Geffrey Davis. Photo credit: Hamilton Matthew Masters
  1. or brotherhood through poetry

Let’s start here. I’m driving to visit my sick mother. She is in a rehabilitation center recuperating from a surgery we now know that she will never recover from. As I’m driving, more pressing than my mother’s illness is the eruption of my son’s own sickness. Driving to her has me reeling from a strange conversation with him fifteen minutes prior. During our phone call, little of what he said made sense and he jumped from topic to topic — and he was upset, then loving, then unrelenting. It was as if he was speaking in tongues, that moment when the holy or demonic or drug-induced takes over a body. Logically I know that it was the last one, due to an epilepsy disorder he still suffers from. However, in the moment, it felt as if he was coming for blood: mine. Actually, away from mine: “Maybe you should stay away from us for a while, dad. Maybe… I don’t know.”

In the fifteen-minute wake of that conversation, I too, feel a range of emotions. What right do I have to be upset? Wasn’t I listening? How could my son be that cold and hateful? In this moment, I am adrift, floating towards self-destruction. And so I muster as much strength as I can and call the poet Geffrey Davis for help. He understands hatred toward a father.
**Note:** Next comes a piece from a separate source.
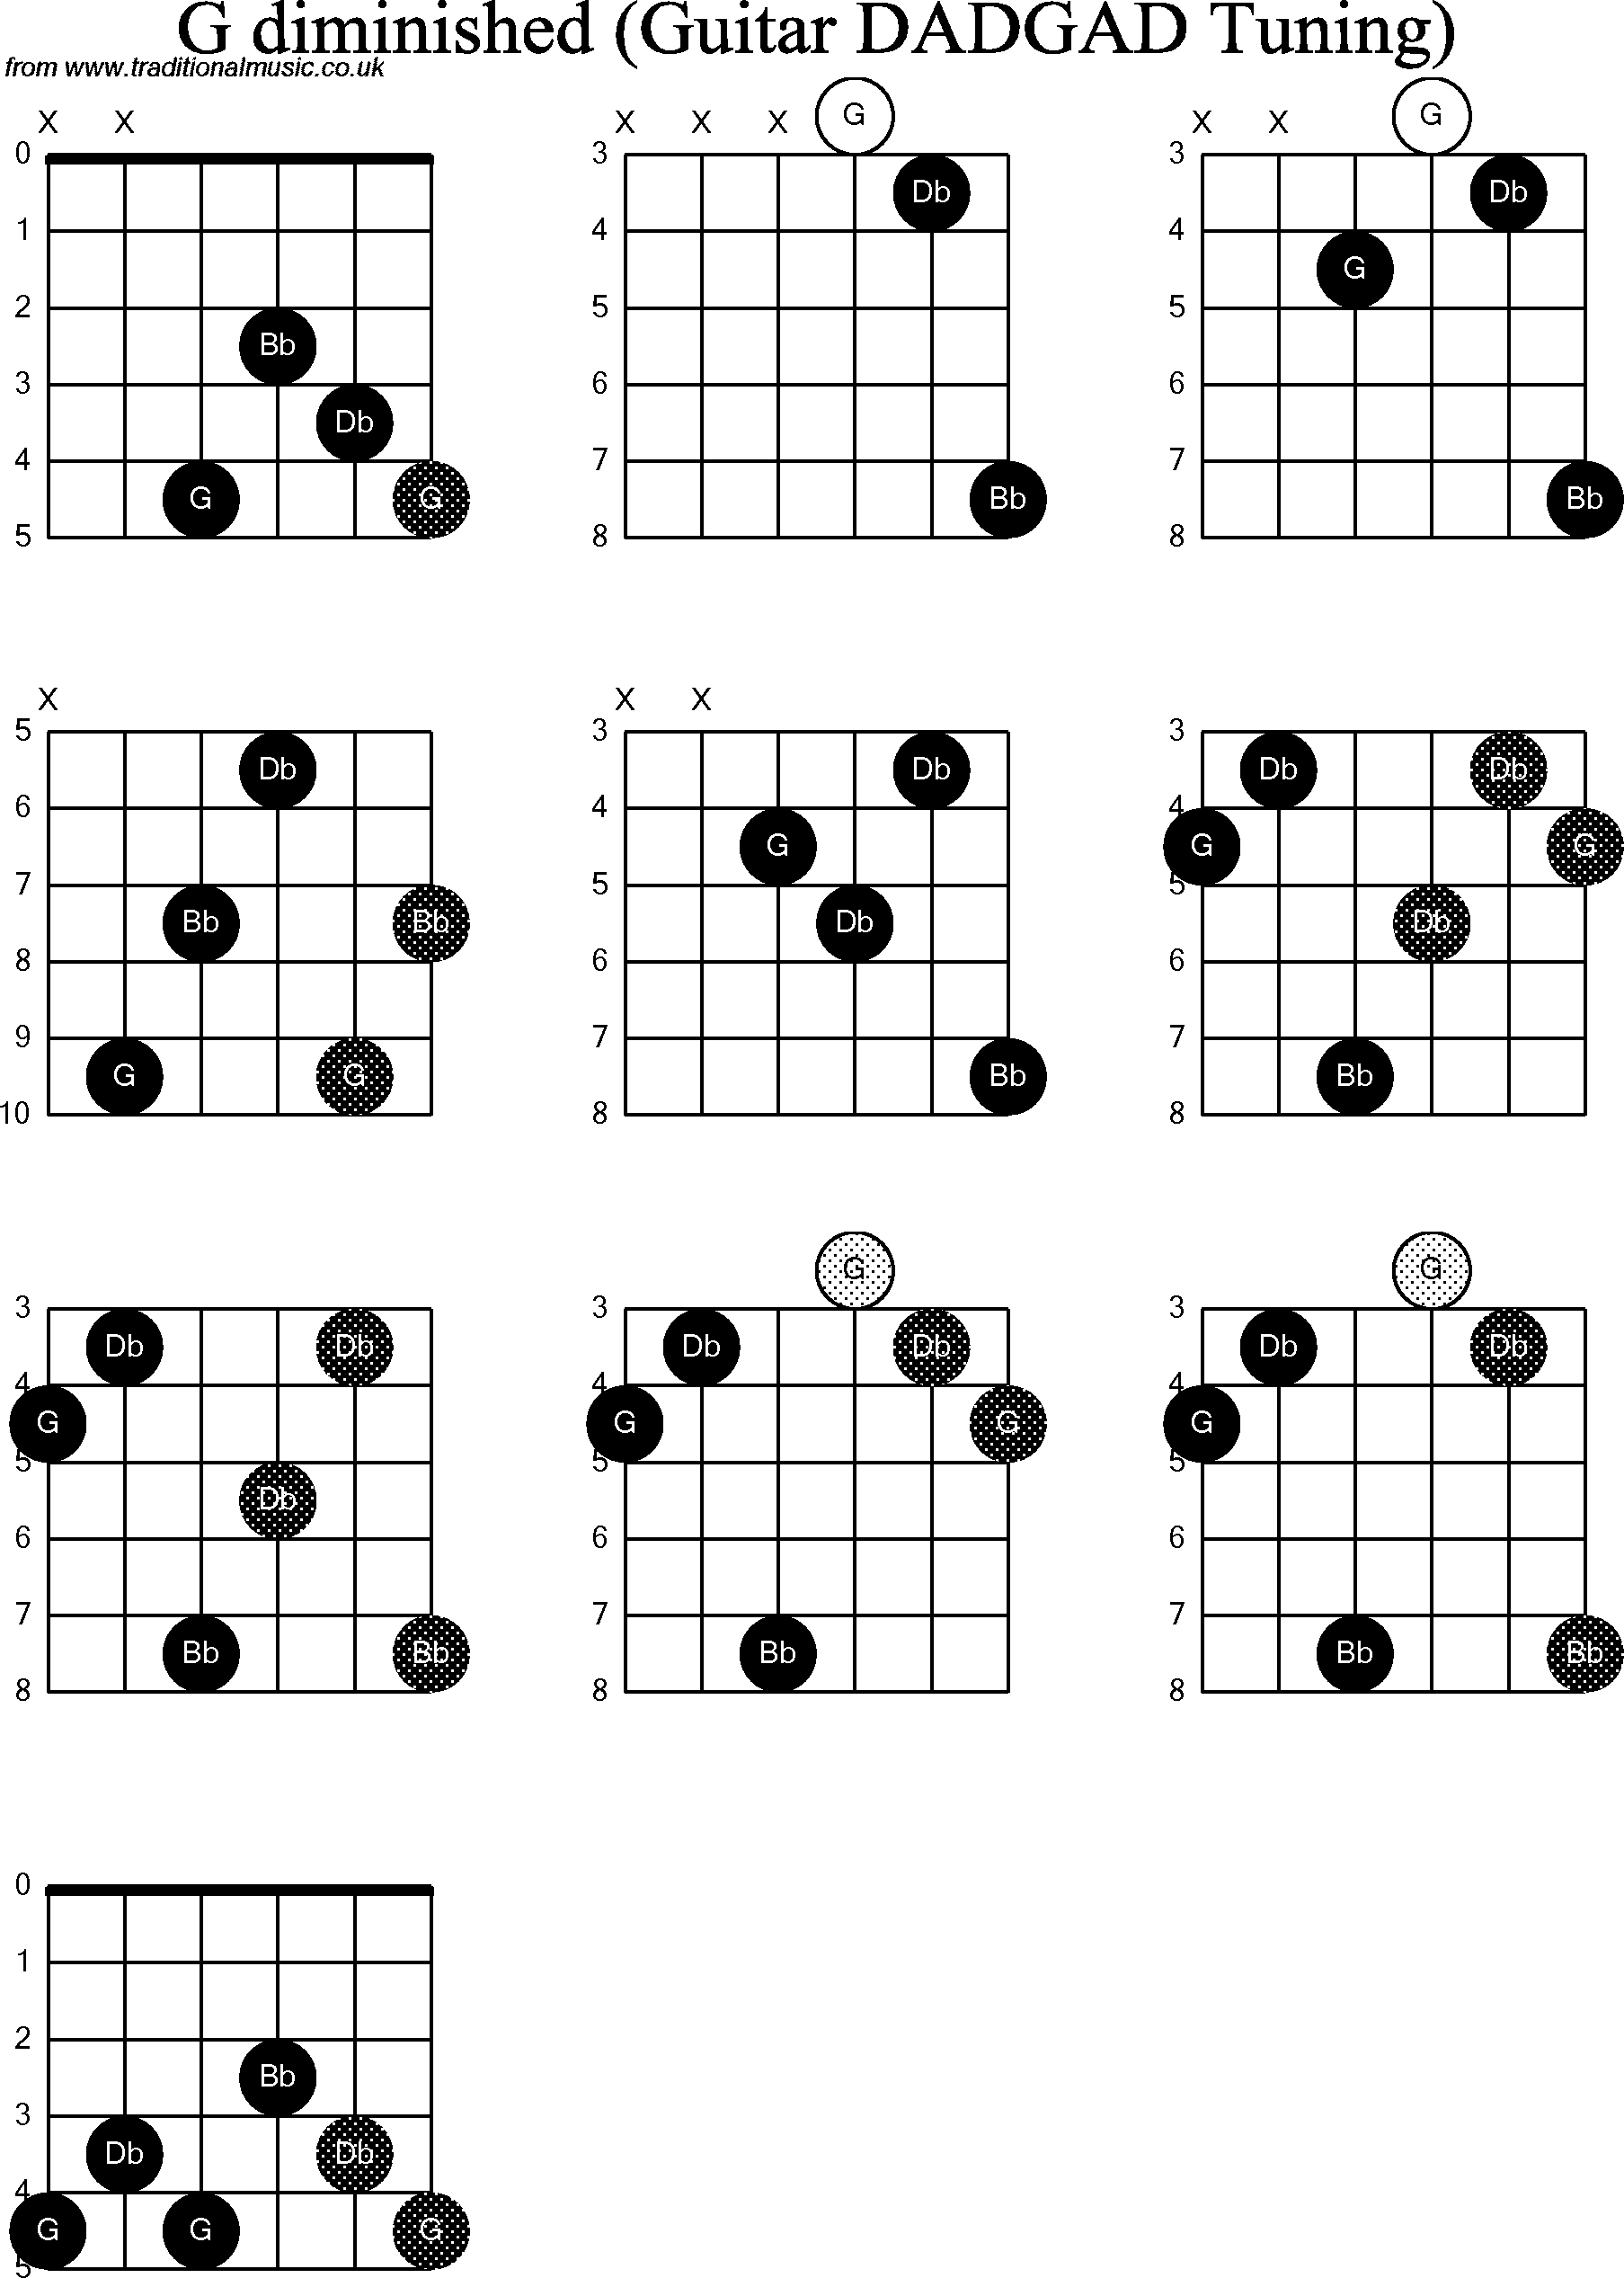 Chord Diagrams for D Modal Guitar(DADGAD), G Diminished

As luck would have it, Geffrey is twenty minutes away from doing a reading. He’s outside getting some air, and lucky for me, he answers the phone. And here is when care and concern turn a corner for us. We had been fast friends since our meeting in 2012 at the Cave Canem retreat. From there we became each other’s editors, writing partners, collaborators — ink brothers. Despite all we walked toward after our meeting (poems, awards, books, collaborative workshops and readings, whiskey, laughter), the reason for sharing a Cave Canem term, and our ultimate brotherhood, culminated in Geffrey leading me away from my distress as he talked me to tears, yet safety nonetheless.
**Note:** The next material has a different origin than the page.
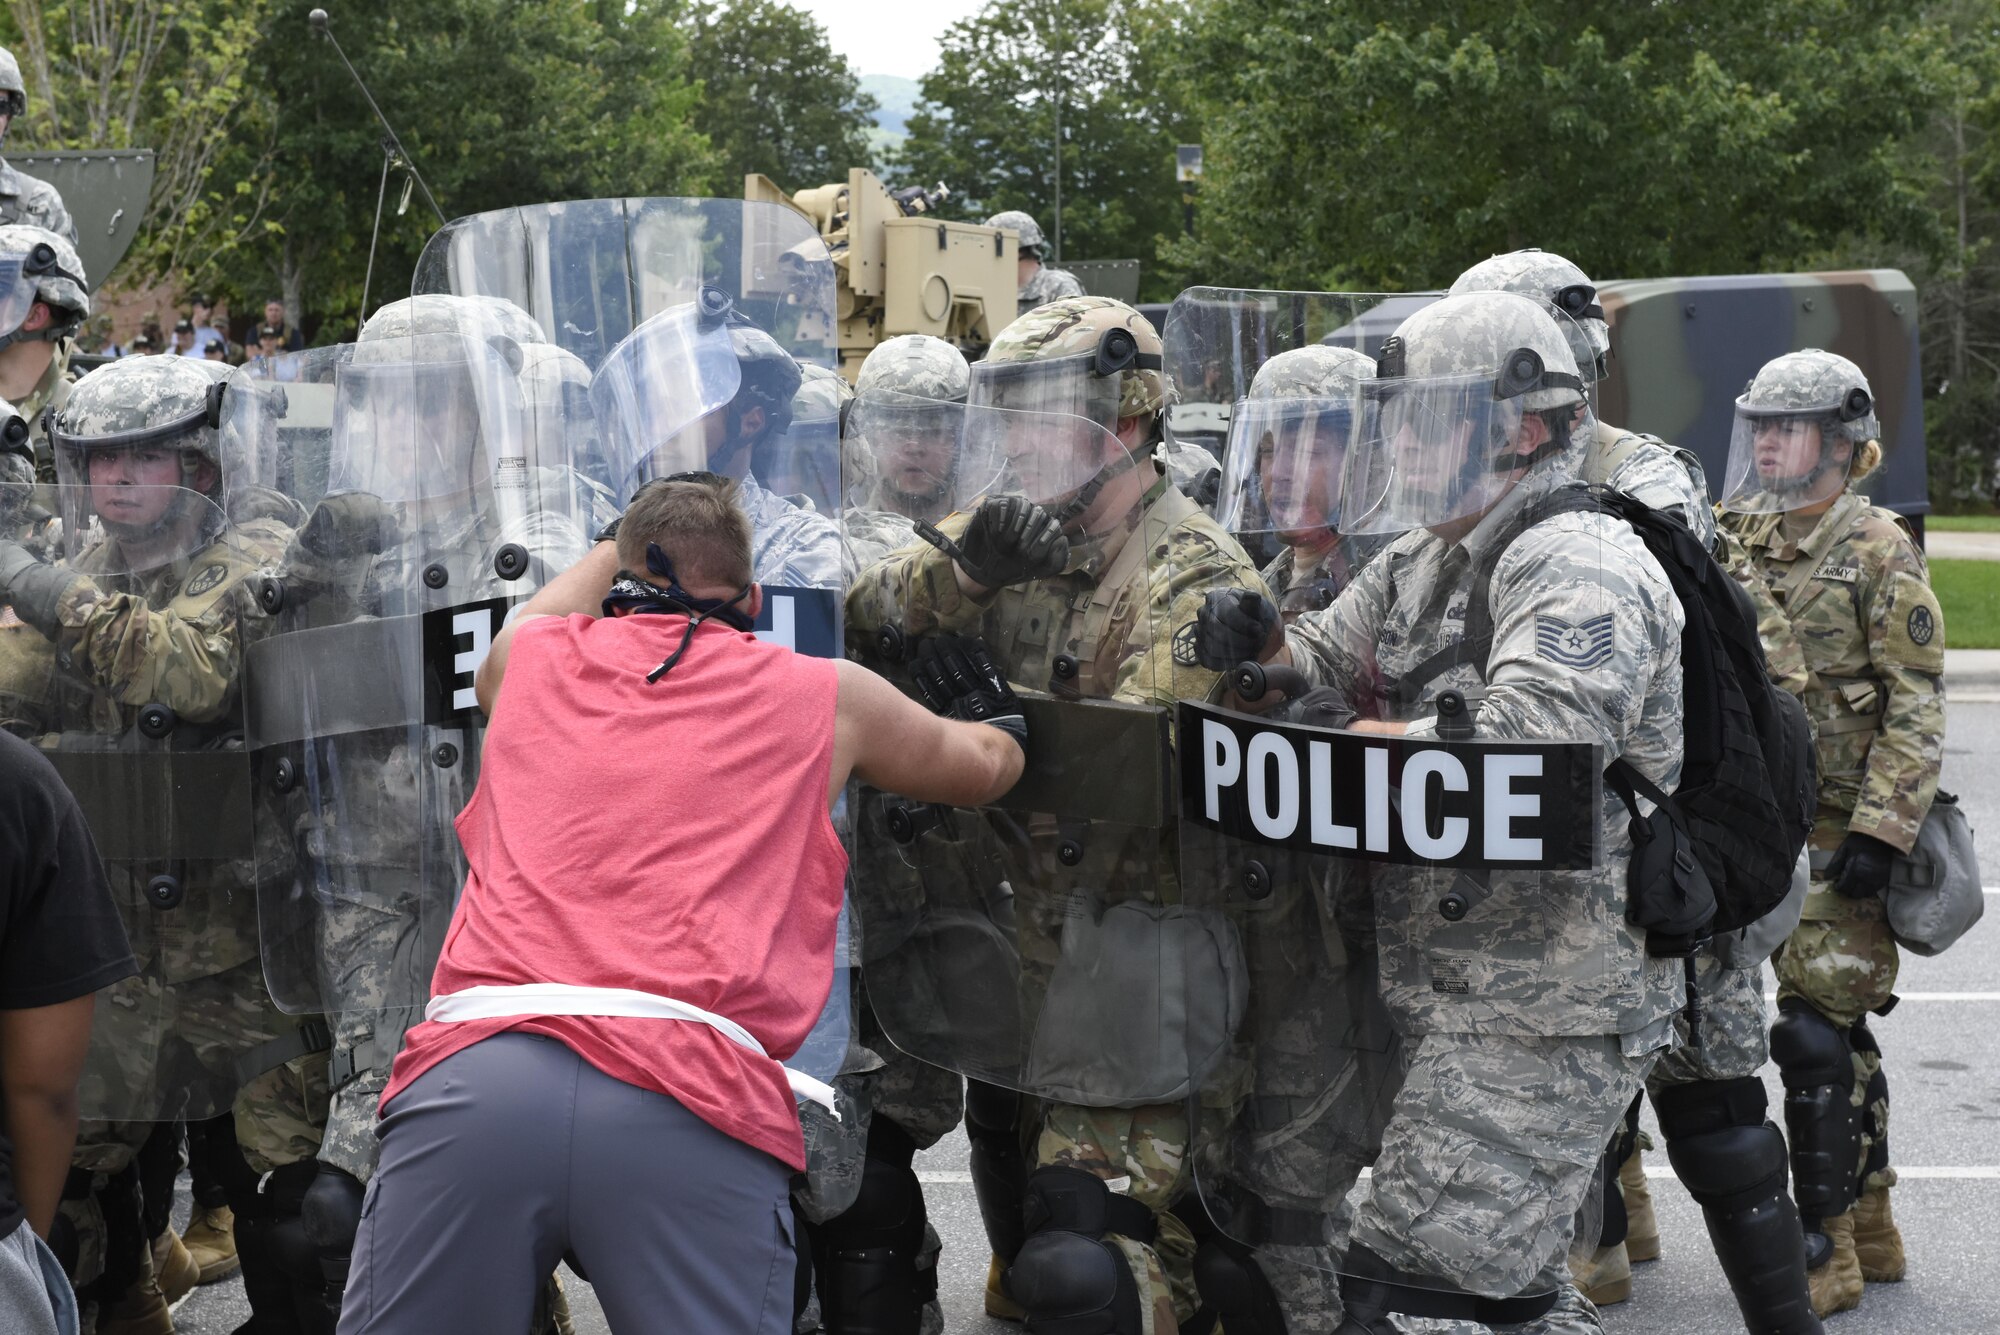 U.S. Air Force Tech. Sgt. Shane Johnson (right) holds back mock protestors at a simulated riot for Vigilant Catamount at Western Carolina University, Cullowhee North Carolina, June 13, 2017. Vigilant Catamount is a mulitday, multi-agency training exercise ending with simulated riot at Western Carolina University, involving Army National Guard Military police and the 145th Airlift Wing Security Forces.

2. or poetry through brotherhood

Of poetry, the deceased poet Reginald Shepherd says that it “rescues nothing and no one, but it embodies that helpless, necessary will to rescue, which is a kind of love[…], love for the world and the things and people in the world.” If Shepherd’s assertion is correct, then perhaps the poet can be seen as separate from the poem, and/or the love that resides within the poem, and/or (God forbid) the acts poets commit in the world off the page. If Shepherd’s assertion is correct, the learning of the poem belongs to the reader only. By learning, I mean there is an expectation that the poet gives a lifeline of words waiting for a reader. Thus the poem’s urgency is only yearning, a dangling wire — all spark, searching for a transformer or outlet. I cannot wholly embrace a fracture of head and heart between a poet and a poem, or a passivity between the transmission of ideas. But let’s assume Shepherd reached out from the grave to remind me of this: Davis, and not the poem, heard and fed me. True facts: I was in distress; I did not seek his books nor his prosody; I needed him, the care his sound advice and keen wit contain.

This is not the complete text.